Surface	Location	Header Actions	Inspect Affordance (List/Table)	Row Actions (max 2 visible)	Bulk Actions (grouped)	Empty-State CTA(s)	View Header Actions	Create/Edit Save+Cancel	Audit log?	Notes / Exemptions
Workspace Overview Page	Existing admin panel /admin home	None required beyond existing page chrome	KPI cards and bounded lists link to canonical destinations	Quick actions such as Choose Tenant and Open Operations	None	Exactly one CTA per empty section, tailored to the section	None required	N/A	No new audit event	This is a view-style overview page.
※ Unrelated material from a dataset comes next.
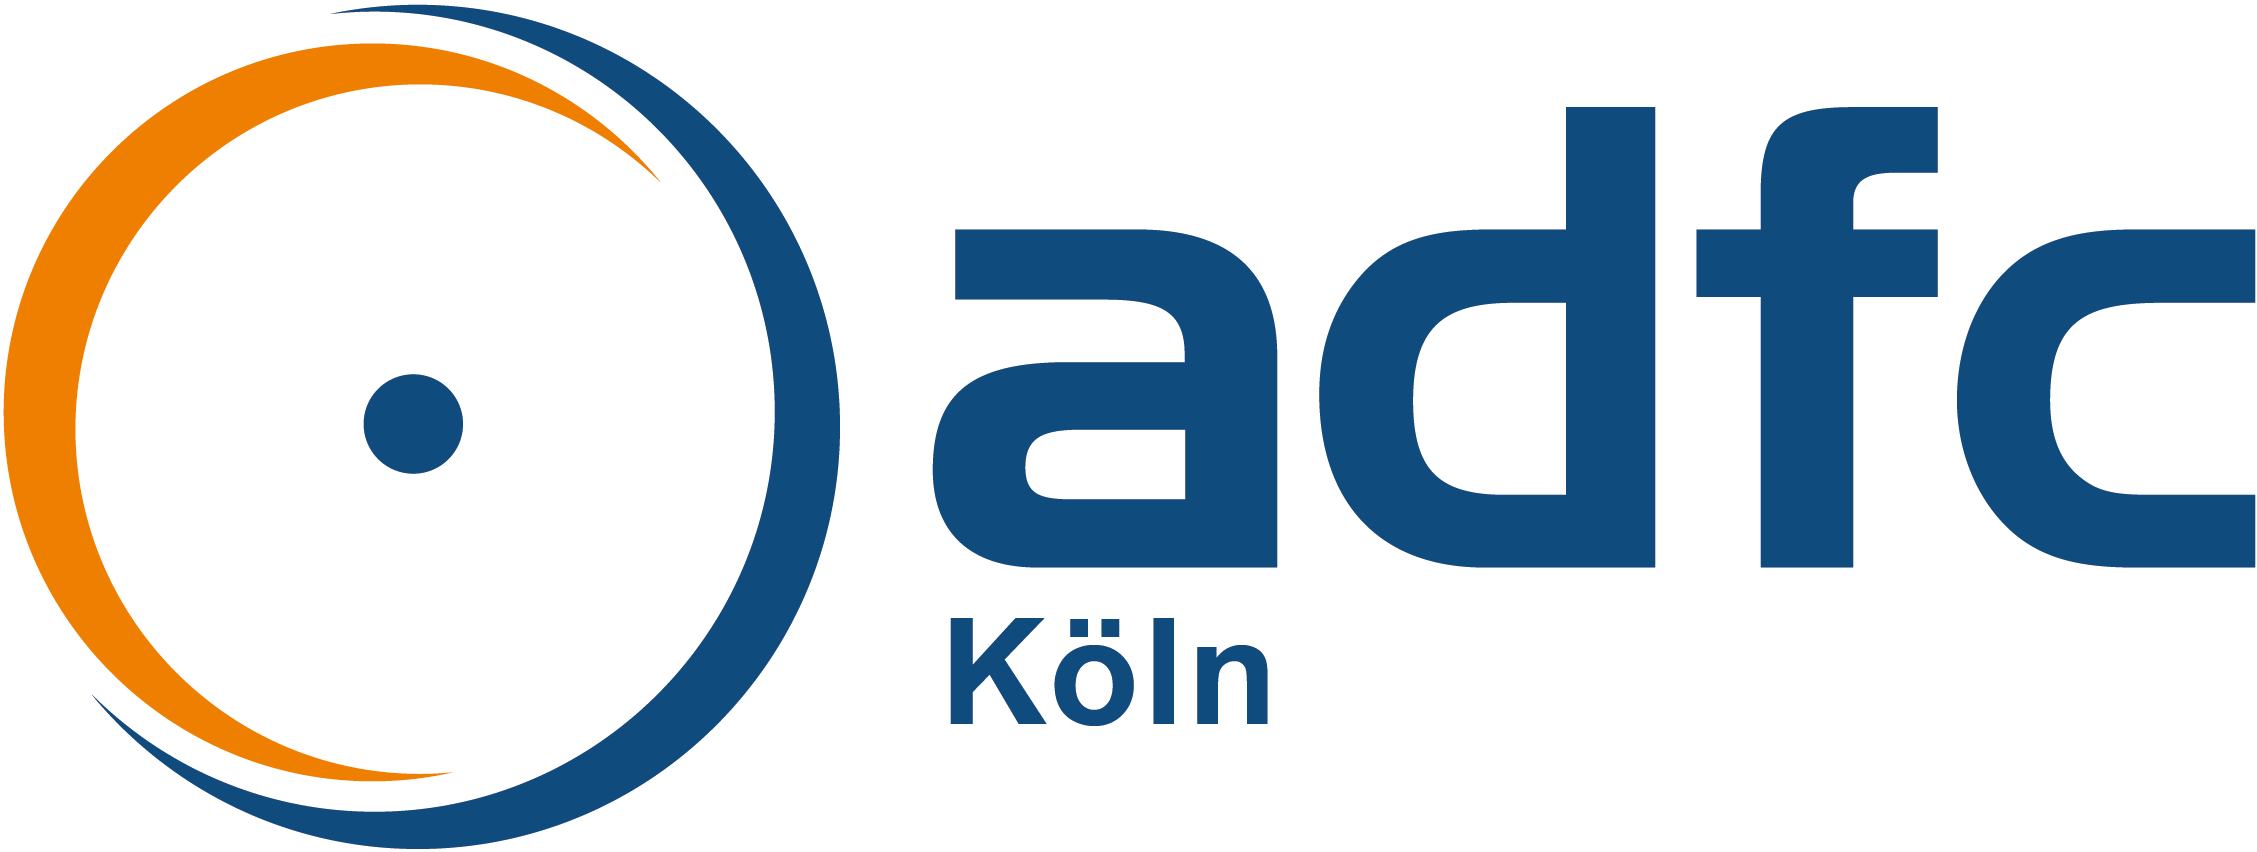 Logo ADFC Köln.png
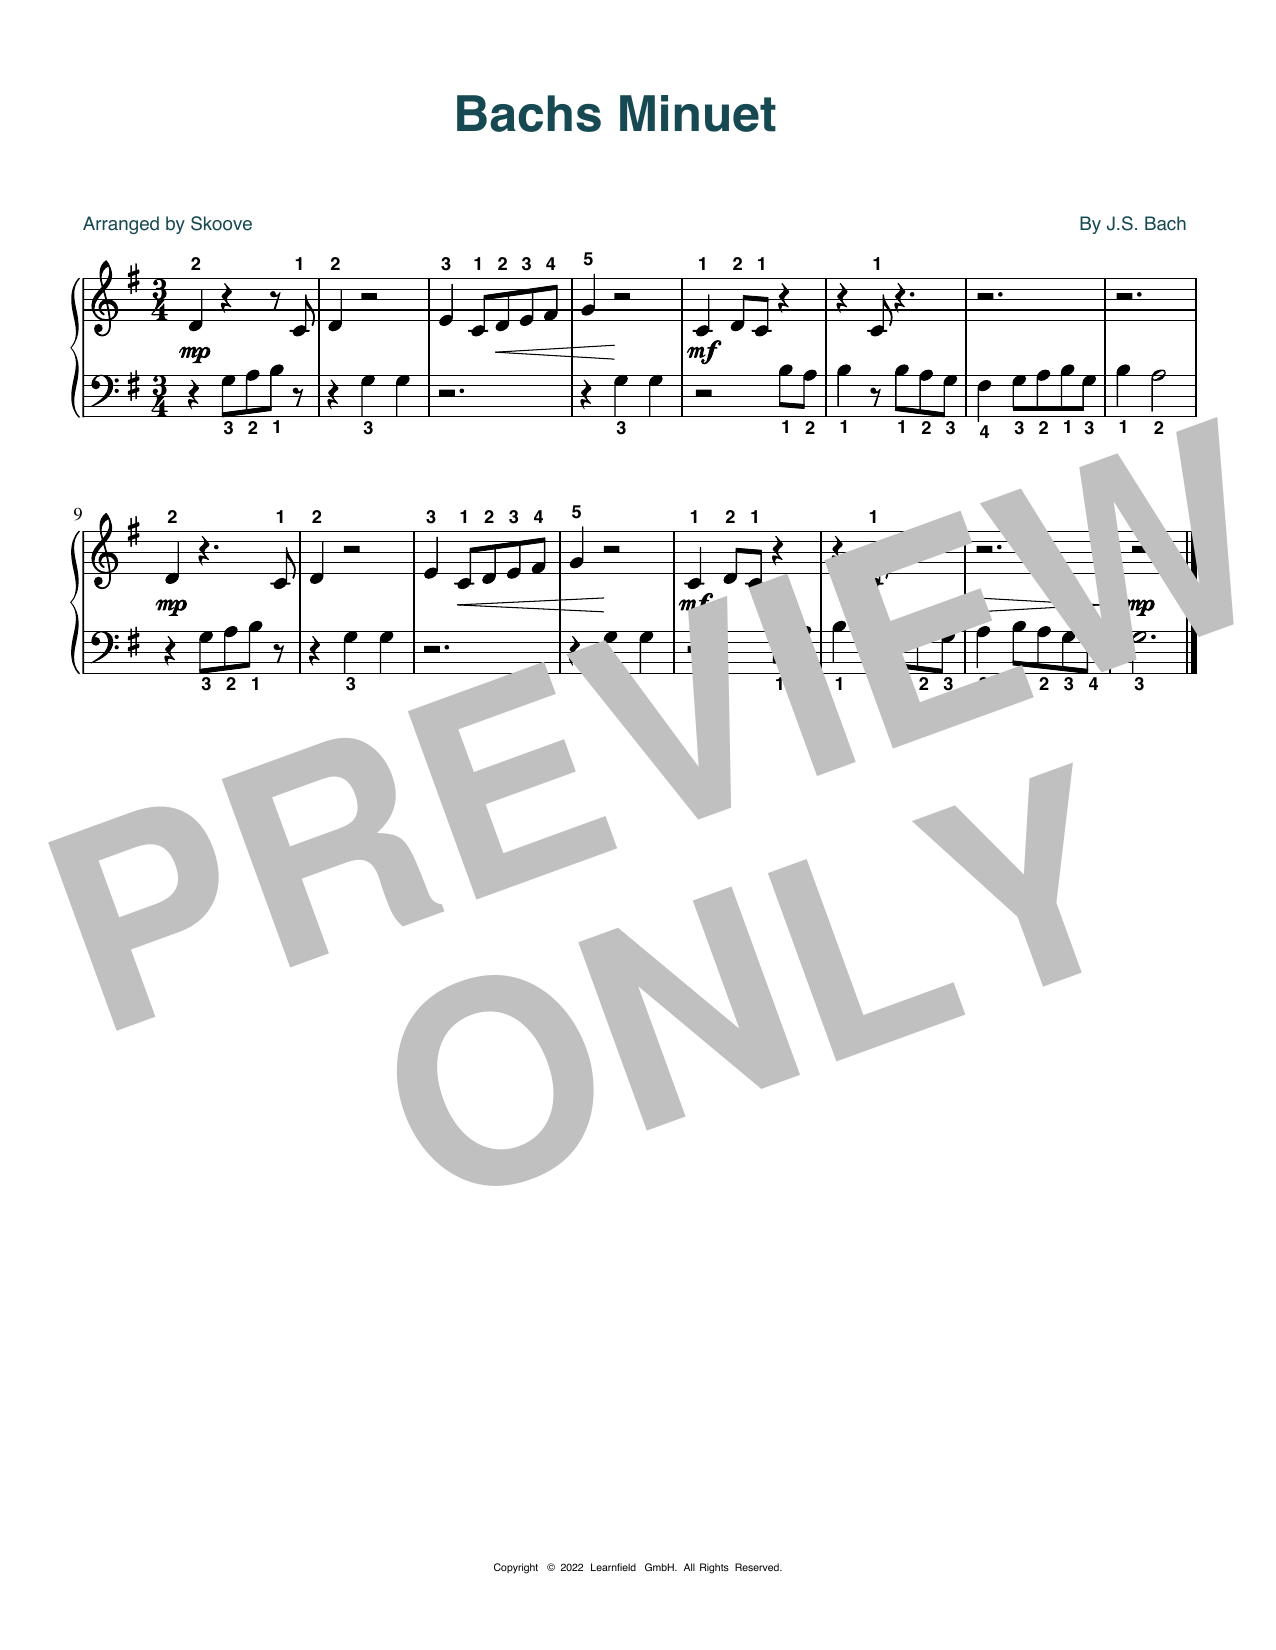 Download J.S. Bach Bach's Minuet (arr. Skoove) Sheet Music

It introduces no destructive action and no inline mutation.
Admin Panel Navigation	Existing admin panel primary navigation and brand logo	None	Primary Overview nav item and brand-logo home affordance	None	None	N/A	N/A	N/A	No	Navigation semantics change only: the canonical home becomes workspace overview.
Workspace Management Shortcut	Workspace overview quick actions	Manage Workspaces only when authorized	Linked action only	None	None	Manage Workspaces may serve as the single CTA for relevant empty states when permitted	None	N/A	Existing destination rules apply	The action remains distinct from Switch Workspace and must not appear for unauthorized users.

Key Entities

• Workspace Overview Surface: The canonical workspace-level home that communicates current workspace identity, top signals, and next actions without requiring a selected tenant.
• Workspace Summary Metric: A capability-safe aggregate that summarizes permitted workspace-wide information such as tenant count, active operations, or alerts.
• Workspace Attention Item: A bounded urgent item surfaced on the workspace home, ordered by recency or severity and linked to its canonical destination.
• Workspace Quick Action: A workspace-scoped shortcut to an existing flow such as choosing a tenant, opening operations, switching workspace, or managing workspaces when authorized.

Success Criteria

Measurable Outcomes

• SC-129-01 Stable home semantics: In acceptance testing, 100% of standard admin entry paths with a selected workspace resolve to the workspace overview instead of a tenant dashboard.
• SC-129-02 Workspace selection continuity: In acceptance testing, 100% of direct /admin visits without an established workspace context continue to the canonical workspace selection flow.
• SC-129-03 Tenantless usability: Users with a selected workspace and no selected tenant can successfully reach at least one valid next action from the workspace home without encountering a forced tenant redirect.
• SC-129-04 Authorization safety: In negative authorization tests, unauthorized users see zero unauthorized counts, links, or actions on the workspace home.
• SC-129-05 Low-data resilience: In empty-data test scenarios, the workspace home still renders a complete page with intentional empty states and at least one valid next step.
• SC-129-06 Query discipline: All overview list surfaces are capped to bounded result sizes, and no uncontrolled polling is introduced by default.